• [Activity]: The task requires repeating, word for word, the lines from the one with "Солнцезащитные очки с" through the end of the material, leaving out all pictures.

• [Material provided]:
↓↓↓

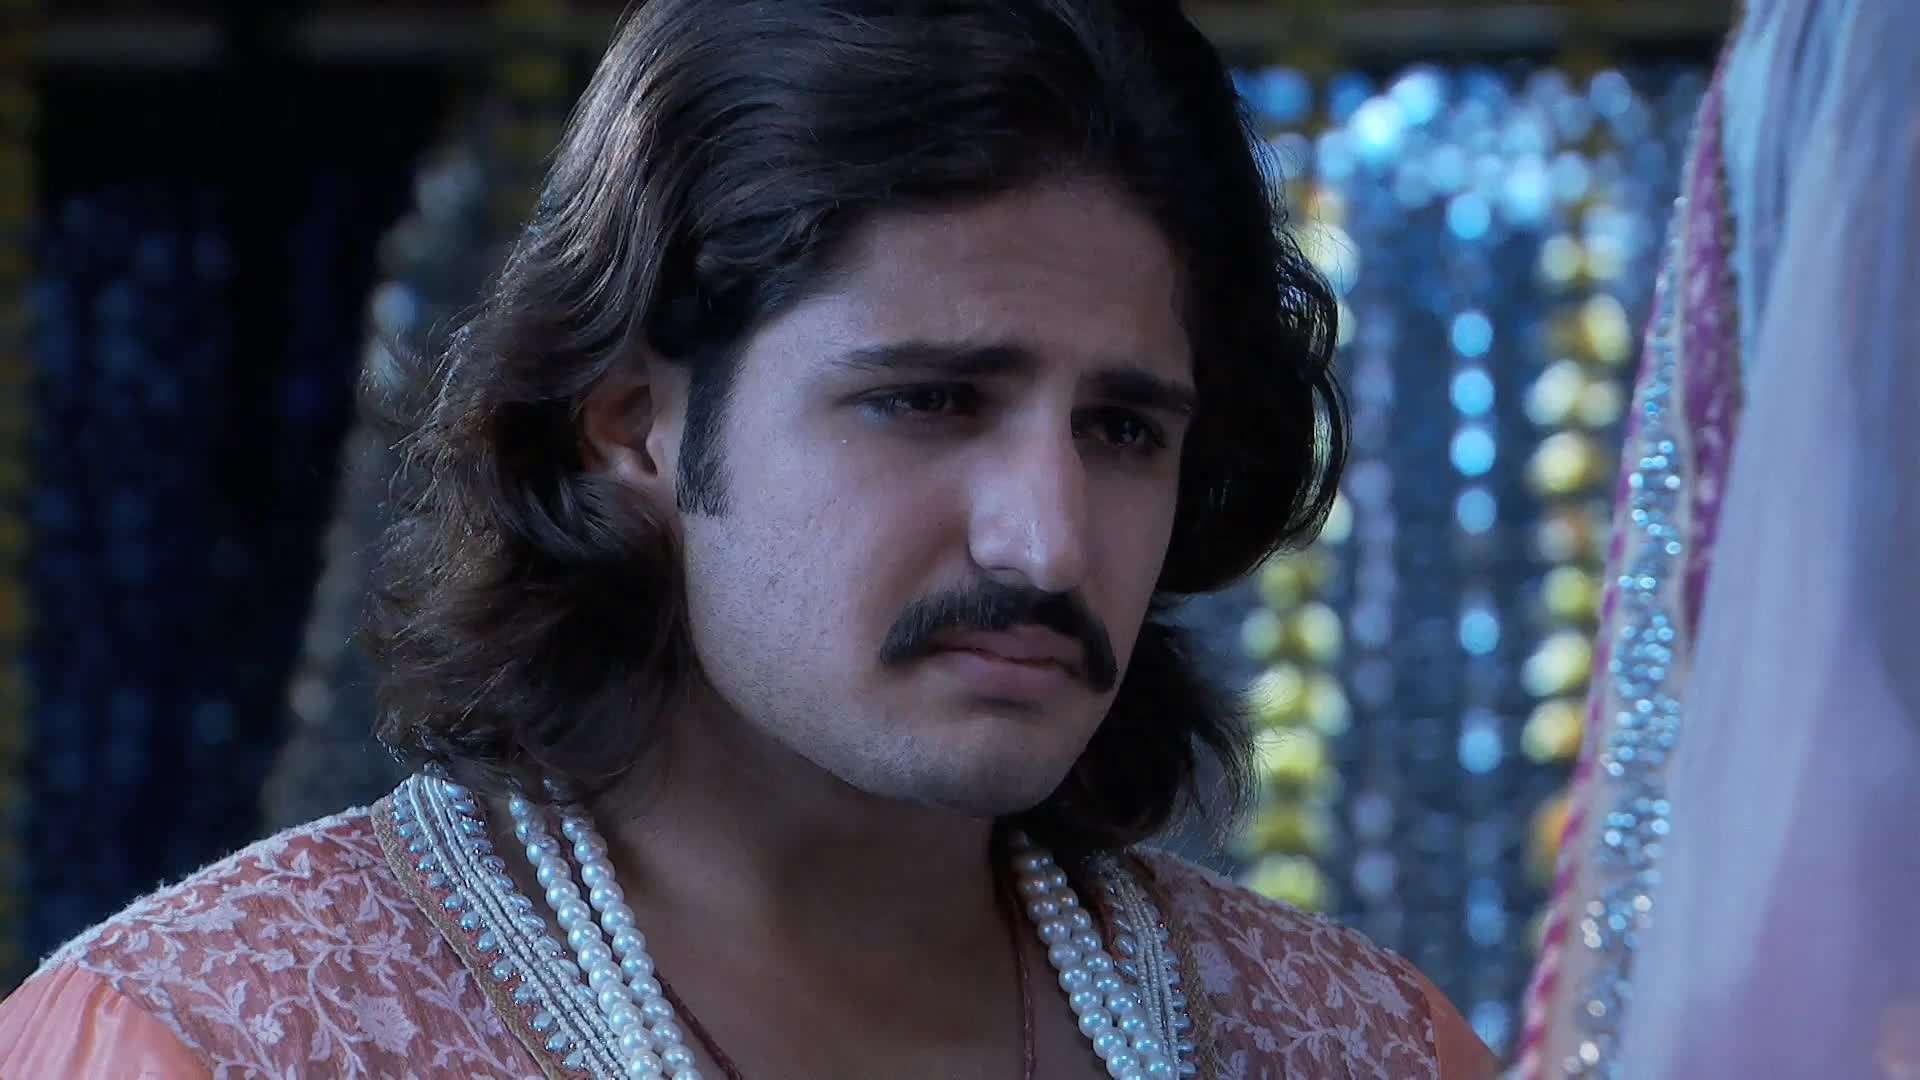 المسلسل الهندي التاريخي جودا أكبر الجزء الثاني (2013) [مدبلج] كامل 1080p تحميل تورنت 25 arabp2p.com
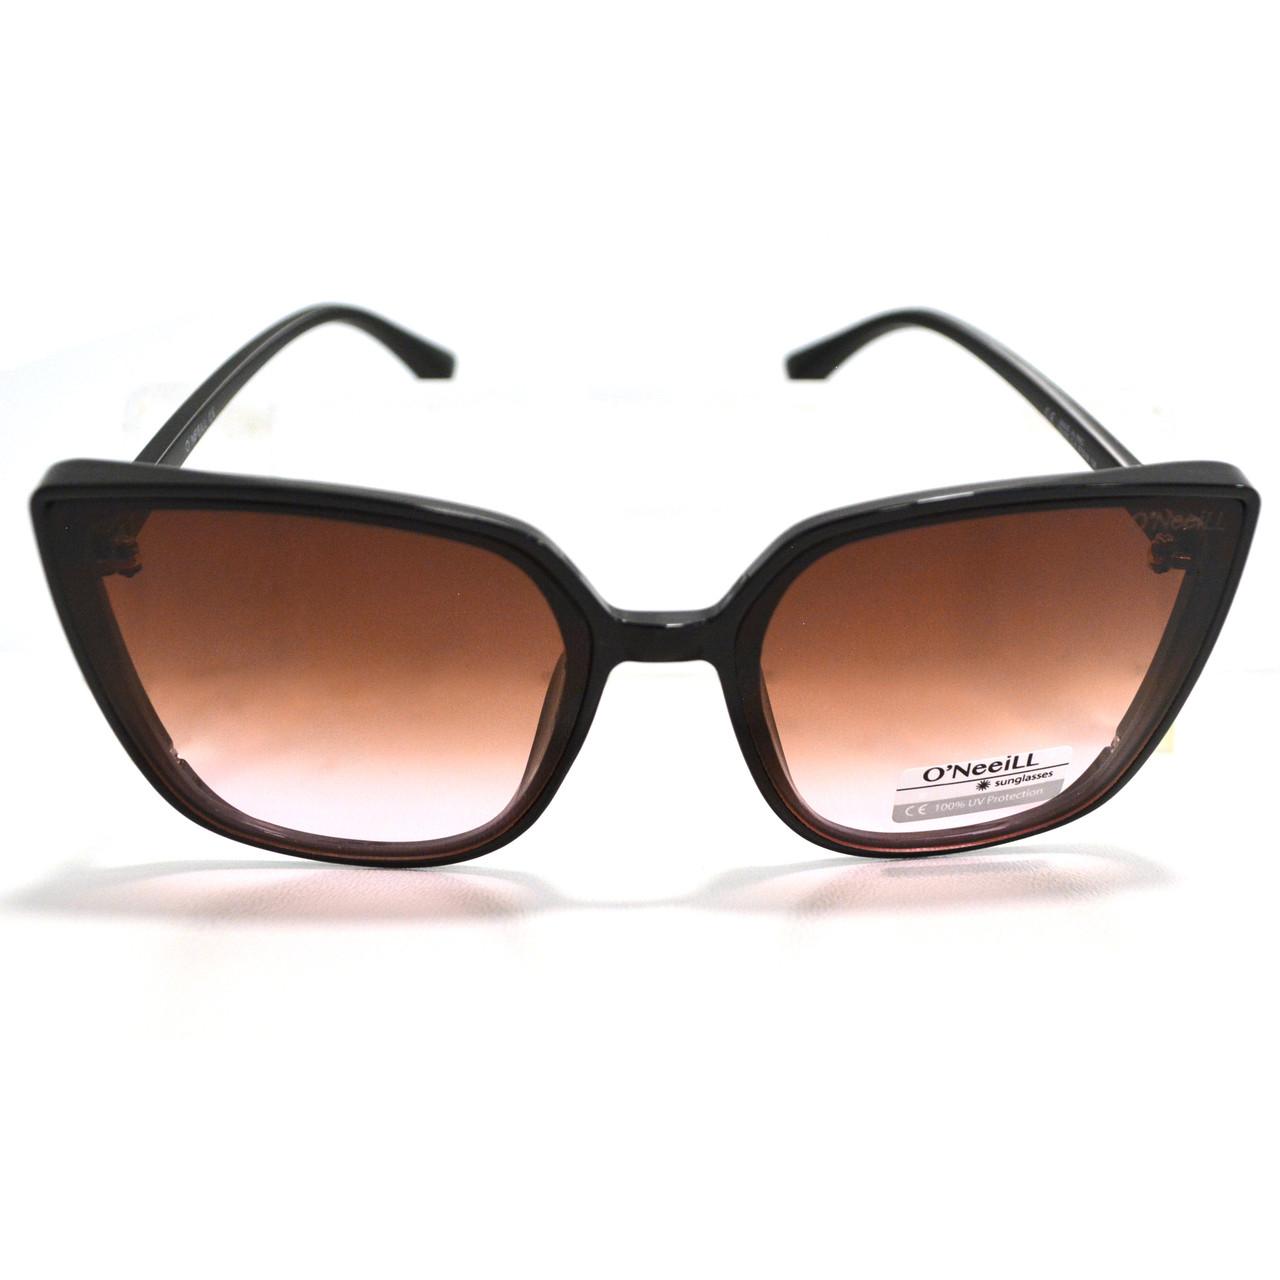 Солнцезащитные очки с коричневыми стеклами UV 400 O'NeeiLL D9105 черные - фото 6
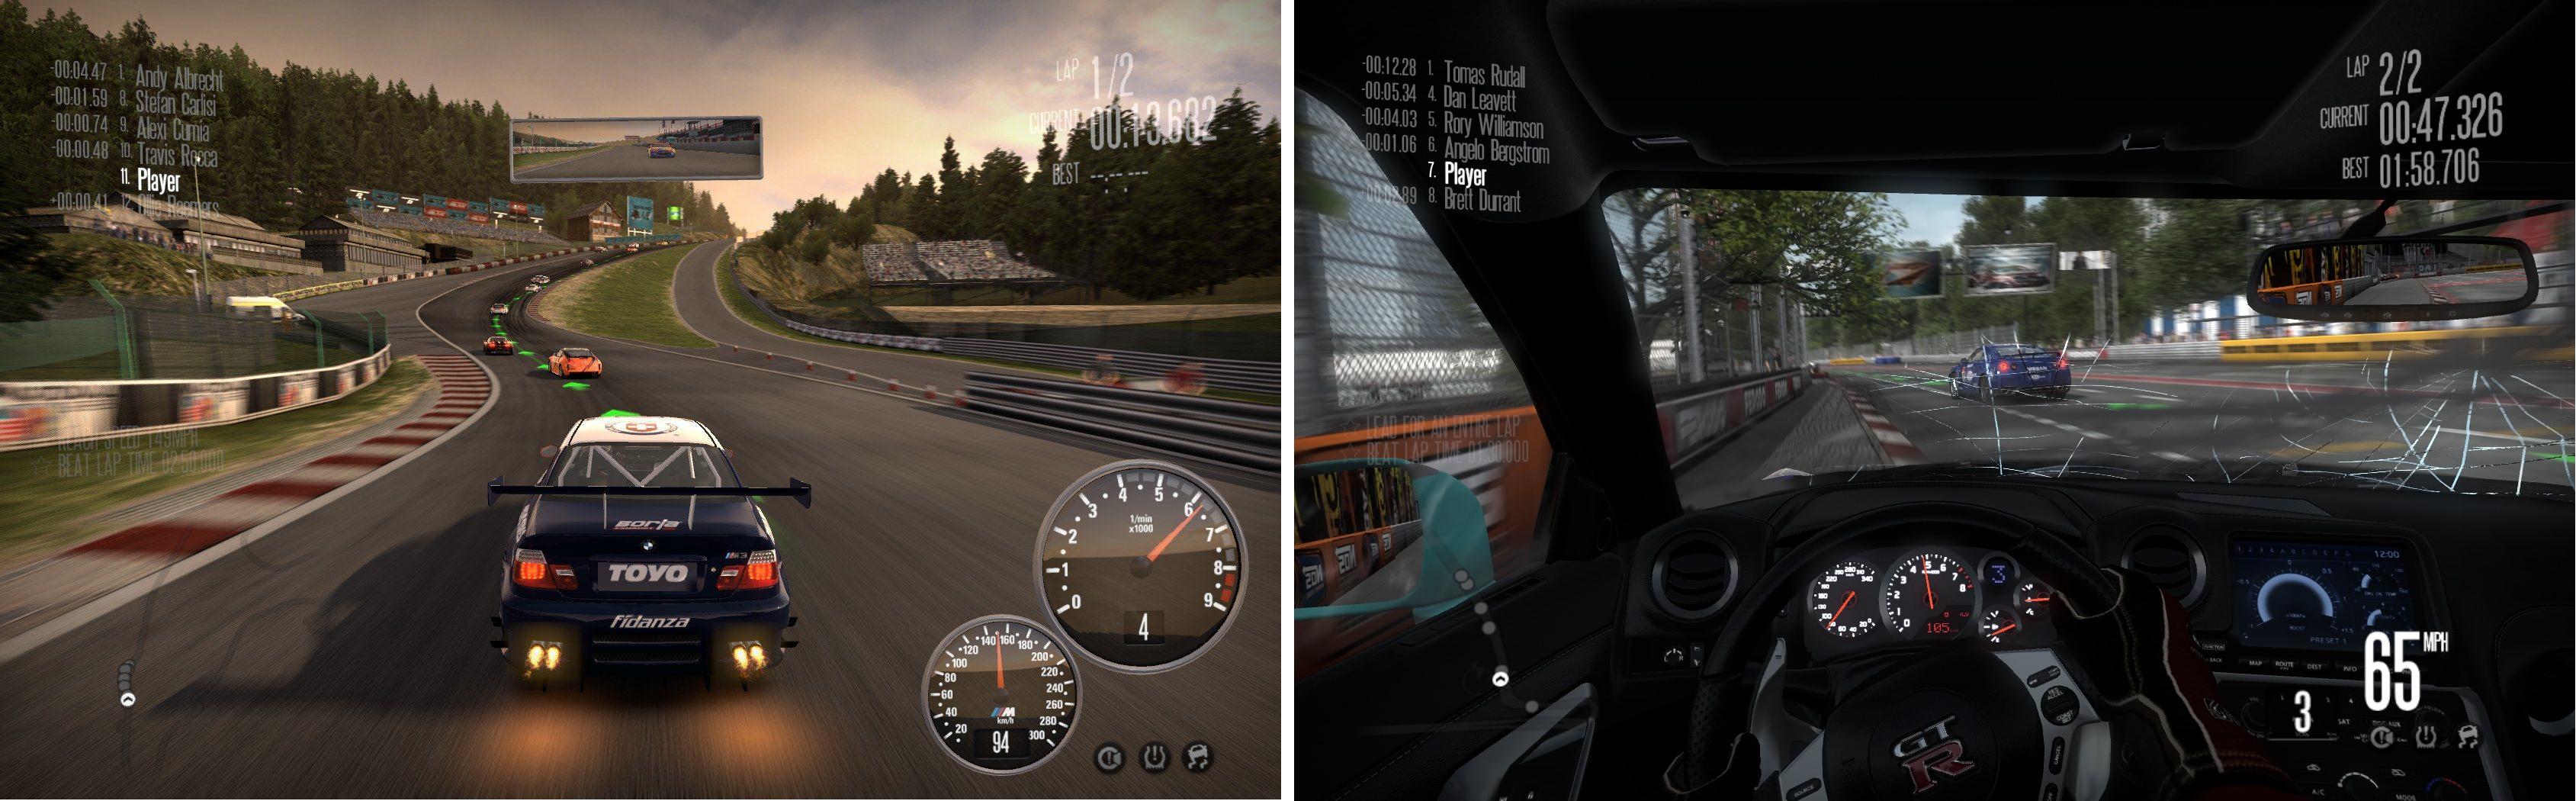 История в картинках (Need for Speed) - Изображение 15

↑↑↑

• [Solution to the exercise]:
 Солнцезащитные очки с коричневыми стеклами UV 400 O'NeeiLL D9105 черные - фото 6
 История в картинках (Need for Speed) - Изображение 15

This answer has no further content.